Fang-Fang Ren 1 Zuo-Yi Xie 1 Yi-Na Jiang 1 Xuan Guan 1 Qiao-Ying Chen 1 Teng-Fang Lai 2 Lei Li 3
Affiliations

Affiliations

  • 1 Department of Cardiology, Institute of Cardiovascular Development and Translational Medicine, The Second Affiliated Hospital of Wenzhou Medical University, Wenzhou, 325027, China.
  • 2 Department of Cardiology, The Affiliated Hospital of Youjiang Medical University for Nationalities, Baise, 533000, China. [email protected].
  • 3 Department of Cardiology, Institute of Cardiovascular Development and Translational Medicine, The Second Affiliated Hospital of Wenzhou Medical University, Wenzhou, 325027, China. [email protected].
Abstract

Endoplasmic reticulum stress-mediated Apoptosis plays a vital role in the occurrence and development of heart failure. Dapagliflozin (DAPA), a new type of sodium-glucose cotransporter 2 (SGLT2) inhibitor, is an oral hypoglycemic drug that reduces glucose reabsorption by the kidneys and increases glucose excretion in the urine. Studies have shown that DAPA may have the potential to treat heart failure in addition to controlling blood sugar.
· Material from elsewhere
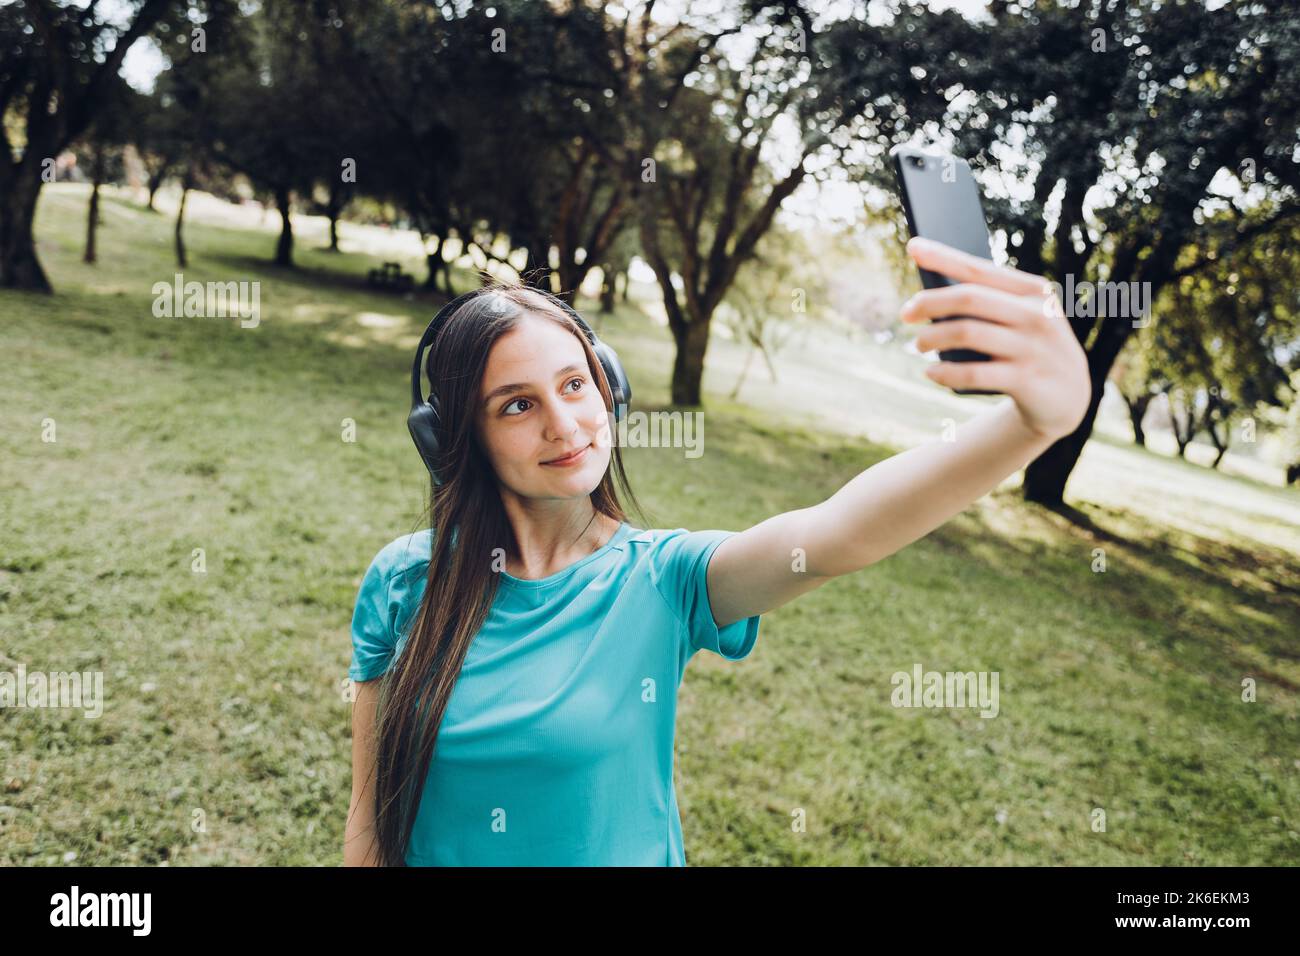 Adolescente souriante portant un t-shirt turquoise et un casque, emportant un selfie avec son mobile dans un espace naturel Banque D'Images
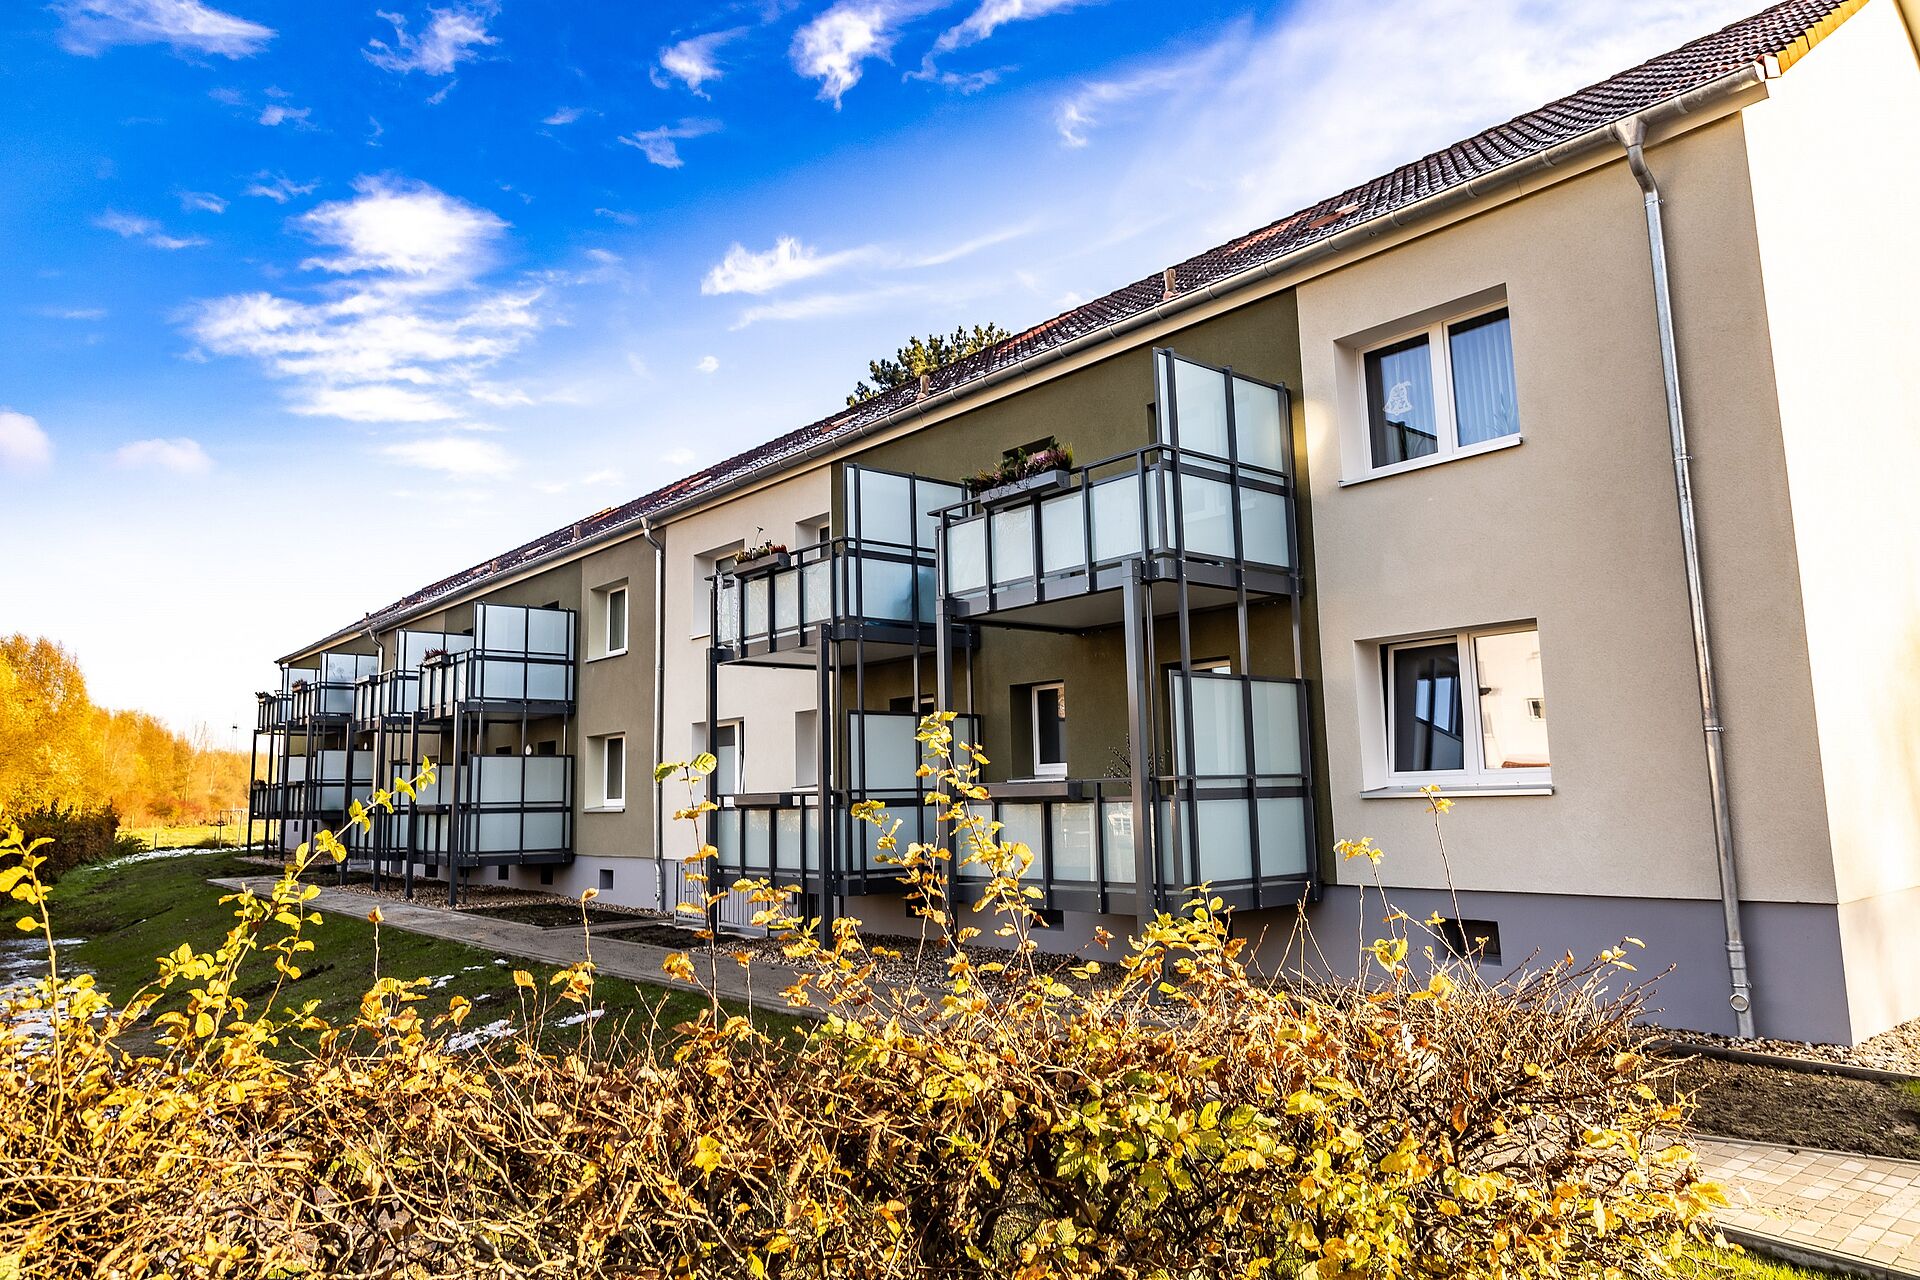 Drei modernisierte Mehrfamilienhäuser mit verputzter Wärmedämmung und mit großen Vorstellbalkonen ist umgeben von Bü+schen und Bäumen unter einem strahlend blauen Himmel

This study explored the effect of DAPA on endoplasmic reticulum stress-related Apoptosis caused by heart failure. In vitro, we found that DAPA inhibited the expression of cleaved Caspase 3, Bax, C/EBP homologous protein (CHOP), and glucose-regulated protein78 (GRP78) and upregulated the cardiomyoprotective protein Bcl-2 in angiotensin II (Ang II)-treated cardiomyocytes. In addition, DAPA promoted the expression of silent information regulator factor 2-related Enzyme 1 (SIRT1) and suppressed the expression of activating transcription factor 4 (ATF4) and the ratios p-PERK/PERK and p-eIF2α/eIF2α. Notably, the therapeutic effect of DAPA was weakened by pretreatment with the SIRT1 Inhibitor EX527 (10 μM). Simultaneous administration of DAPA inhibited the Ang II-induced transformation of fibroblasts into myofibroblasts and inhibited fibroblast migration. In summary, our present findings first indicate that DAPA could inhibit the PERK-eIF2α-CHOP axis of the ER stress response through the activation of SIRT1 in Ang II-treated cardiomyocytes and ameliorate heart failure development in vivo.

Keywords

DAPA; SIRT1; endoplasmic reticulum stress; heart failure; ventricular remodeling.